WHAT HELEN HEARD,
Although satisfied that, after what Rachel had said to the men, there could be no impropriety in her making use of the privilege granted her, Helen felt oddly uncomfortable at first. But soon the fancy came, that she was listening at the door of the other world to catch news of her Leopold, and that made her forget herself and put her at peace. For some time, however, the conversation was absolutely unintelligible to her. She understood the words and phrases, and even some of the sentences, but as she had no clue to their drift, the effort to understand was like attempting to realize the span of a rainbow from a foot or two of it appearing now and then in different parts and vanishing again at once. It was chiefly Polwarth, often Wingfold, and now and then Drew that spoke, Rachel contributing only an occasional word. At length broke something of a dawn over the seeming chaos. The words from which the light that first reached Helen flowed, were the draper's.
"I can't think, for all that," he said, "why, if there be life beyond the grave, and most sincerely I trust there is—I don't see why we should know so little about it. Confess now, Mr. Polwarth!—Mr. Wingfold!" he said appealingly, "—does it not seem strange that, if our dearest friends go on living somewhere else, they should, the moment they cease to breathe, pass away from us utterly—so utterly that from that moment neither hint nor trace nor sign of their existence ever reaches us?
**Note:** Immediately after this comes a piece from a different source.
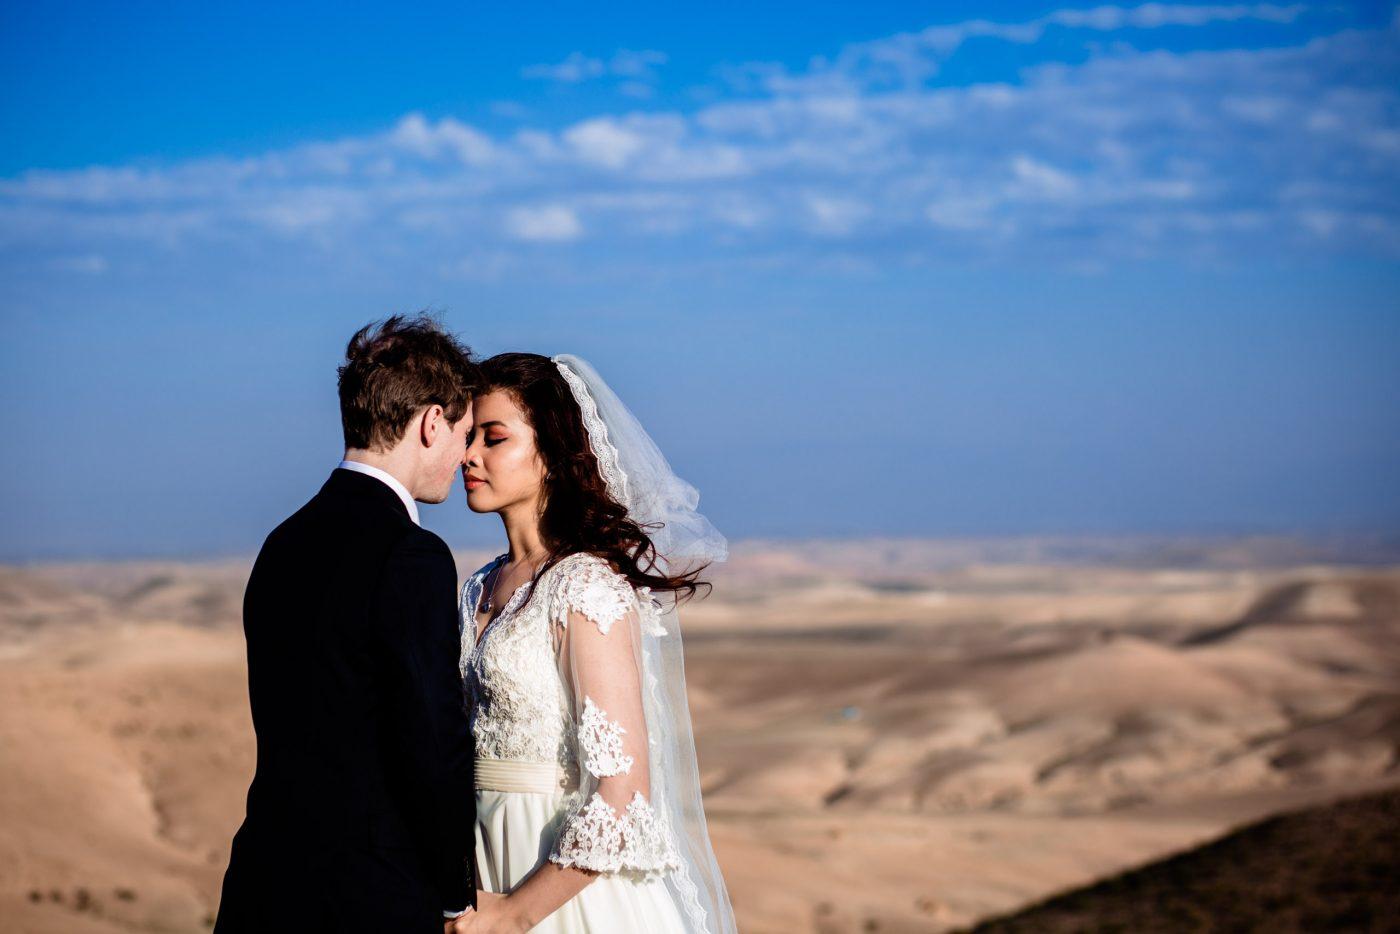 Beautiful Destination Wedding photography in Agafay Desert Marrakech
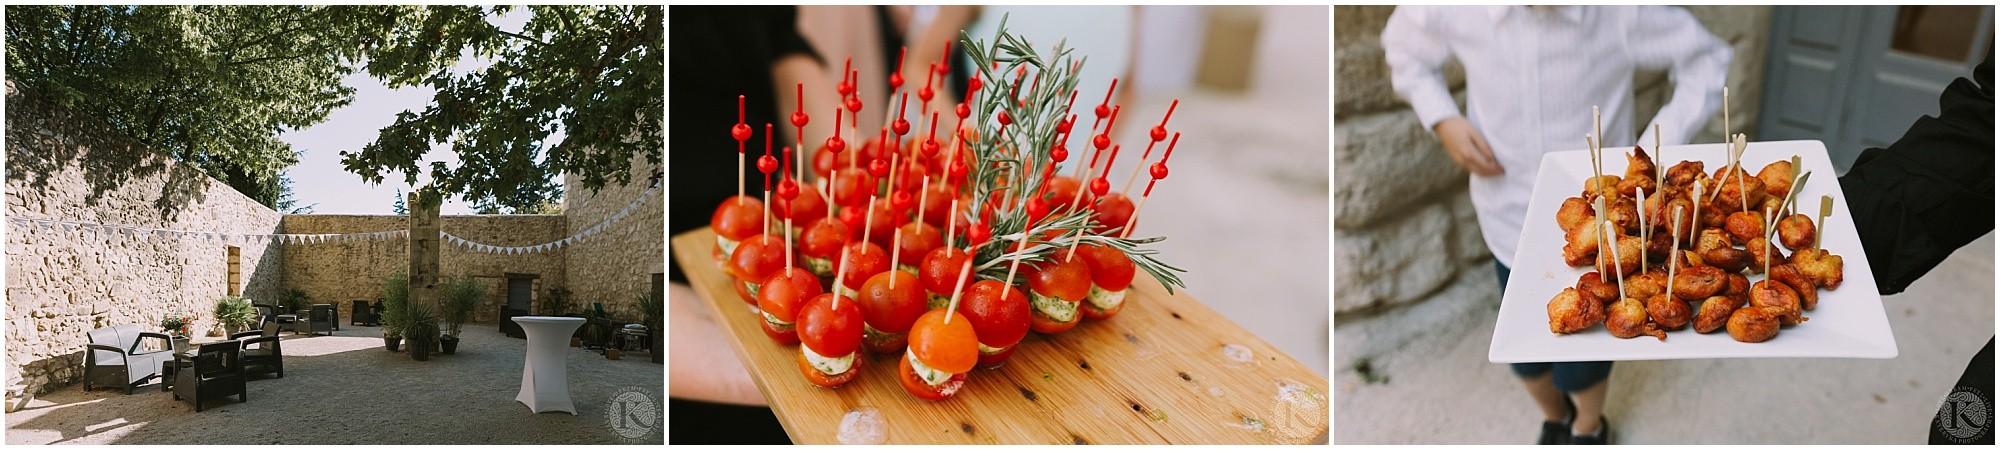 Kateryna-photos-photographe-mariage-vaucluse-provence-avignon-ferme-st-hugues_0065.jpg

Nature, the Bible, God himself says nothing about how they exist or where they are, or why they are so silent—cruelly silent if it be in their power to speak,—therefore, they cannot; and here we are left not only with aching hearts but wavering faith, not knowing whither to turn to escape the stare of the awful blank, that seems in the very intensity of its silence to shout in our ears that we are but dust and return to the dust!"
The gate-keeper and curate interchanged a pleased look of surprise at the draper's eloquence, but Polwarth instantly took up his answer.
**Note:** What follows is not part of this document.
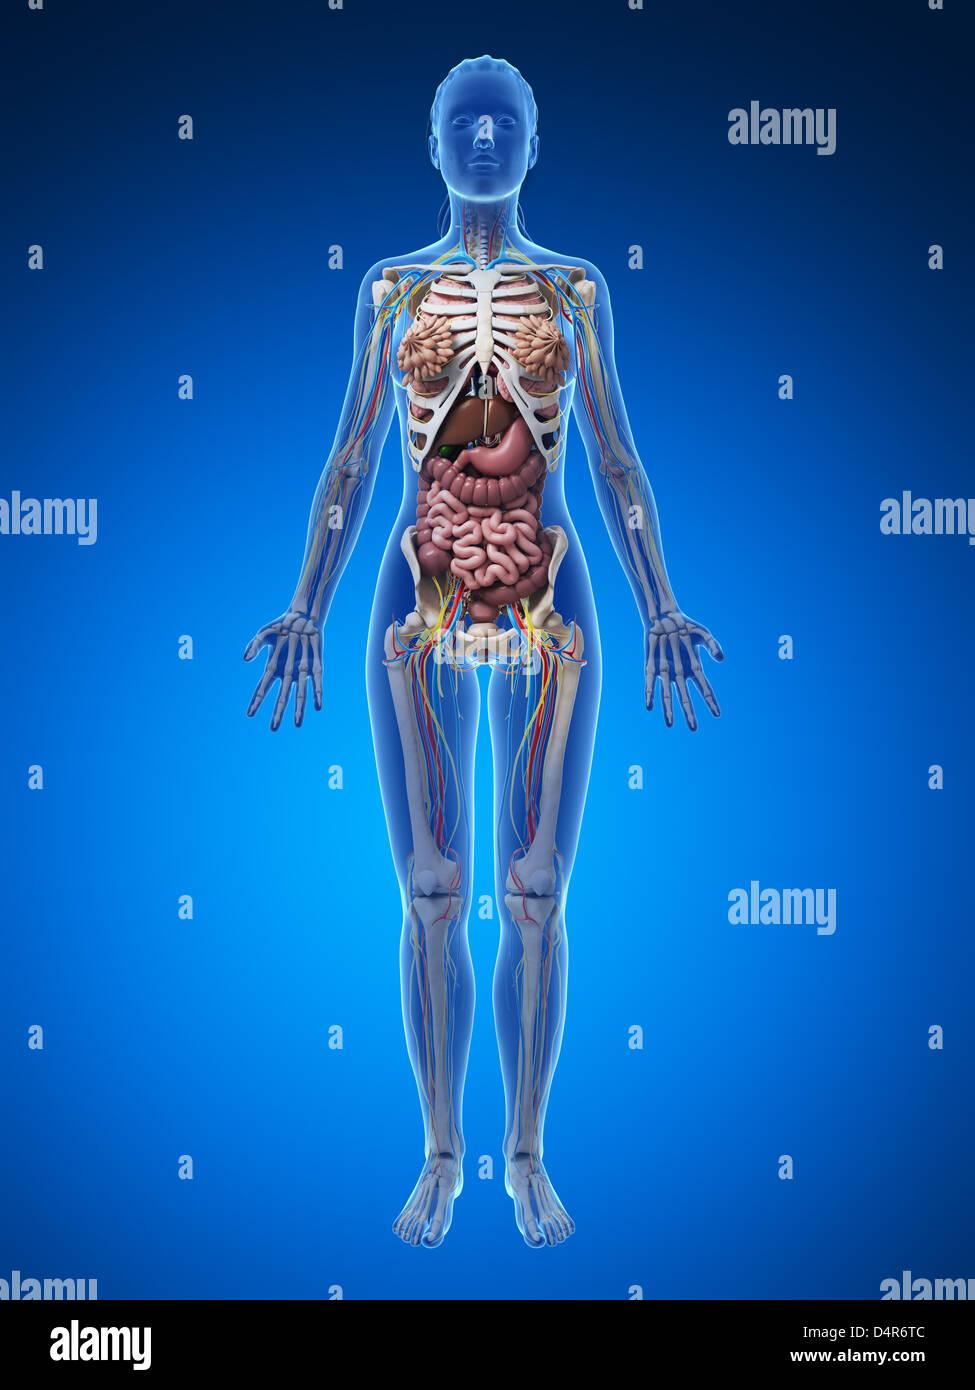 Female Anatomy Diagram High Resolution Stock Photography

"I grant you it would be strange indeed if there were no good reason for it," he said.
"Then do you say," asked Wingfold. "that until we see, discover, or devise some good reason for the darkness that overhangs it, we are at liberty to remain in doubt as to whether there be any life within the cloud?"
"I would say so," answered Polwarth, "were it not that we have the story of Jesus, which, if we accept it, is surely enough to satisfy us both as to the thing itself, and as to the existence of a good reason, whether we have found one or not, for the mystery that overshadows it."
"Still I presume we are not forbidden to seek such a reason," said the curate.
The draper was glancing from the one to the other with evident anxiety.
"Certainly not," returned the gate-keeper. "For what else is our imagination given us but the discovery of good reasons that are, or the invention of good reasons that may perhaps be?"